According to37, an extinction strategy implemented by intense countermeasures seems promising. This is supported by our low effective reproduction scenario (\(R<1\)).

If an extinction is not feasible, interventions should be as moderate as possible. Negative societal and economic consequences associated with drastic social-distancing are likely to undermine a required long-term measure application. The identified super-linear scaling (for \(R>1\)) between intensity and required duration of measure application does amplify this problem. As a result, countries whose policy is exclusively aimed at minimizing the number of cases are in danger of experiencing an untimely termination of countermeasures and a large second wave of outbreaks (compare model output in Fig. 7). Data on government response stringency38 and daily confirmed deaths39 reveal an association between intense measures and large second waves in countries like Albania, Bosnia and Herzegovina, Bulgaria, Egypt, Israel, Palestine, Romania or Serbia (data acquired at the end of August 2020). The probability that more resilient countries will experience similar problems rises every day without vaccination. So far (August 2020), countries like New Zealand or Vietnam did well in containing the virus by an aggressive elimination approach combined with comprehensive international travel restrictions40 and by implementing timely, intense action41 To date, a differentiated assessment of such ambitious policies is primarily constrained by the limited availability of studies on secondary effects of social distancing and isolation in the case of a global pandemic. Similarly, the assessment of more targeted countermeasures such as the selective isolation of vulnerable individuals or approaches of contact tracing and isolation are limited by data scarcity and in part data inconsistency.
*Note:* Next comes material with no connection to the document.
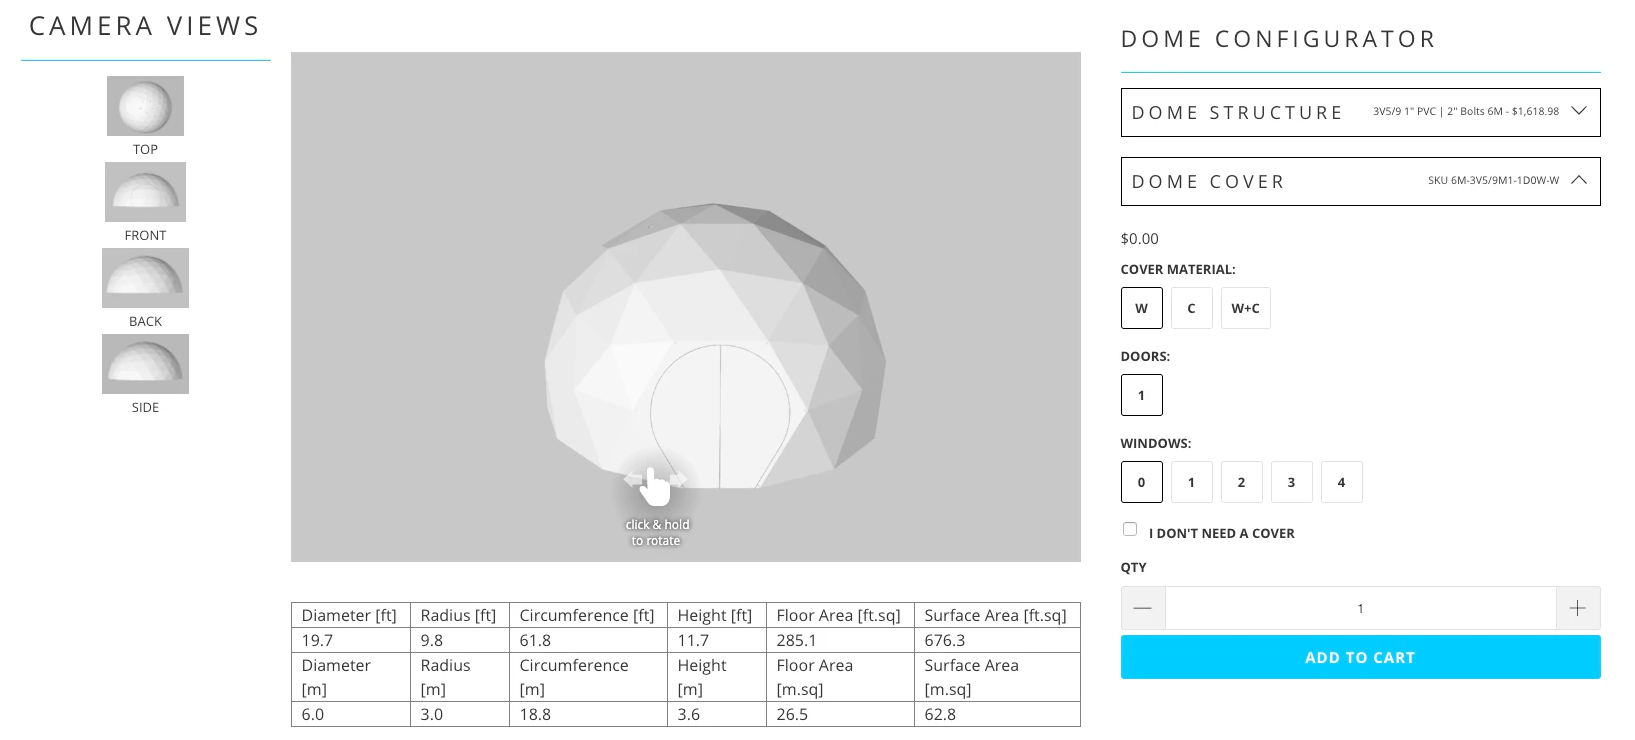 Sonostar's NEW 3D Dome Configurator

For instance, there is little reliable information about age-stratified asymptomatic ratios. Moreover, the impact of country-based measures has hardly been empirically assessed by methods of inferential statistics. While such studies will shed light on important system dependencies, large-scale investment into health care and medical research is essential to spawn game-changing innovation such as the development of vaccines, drugs and affordable test kits.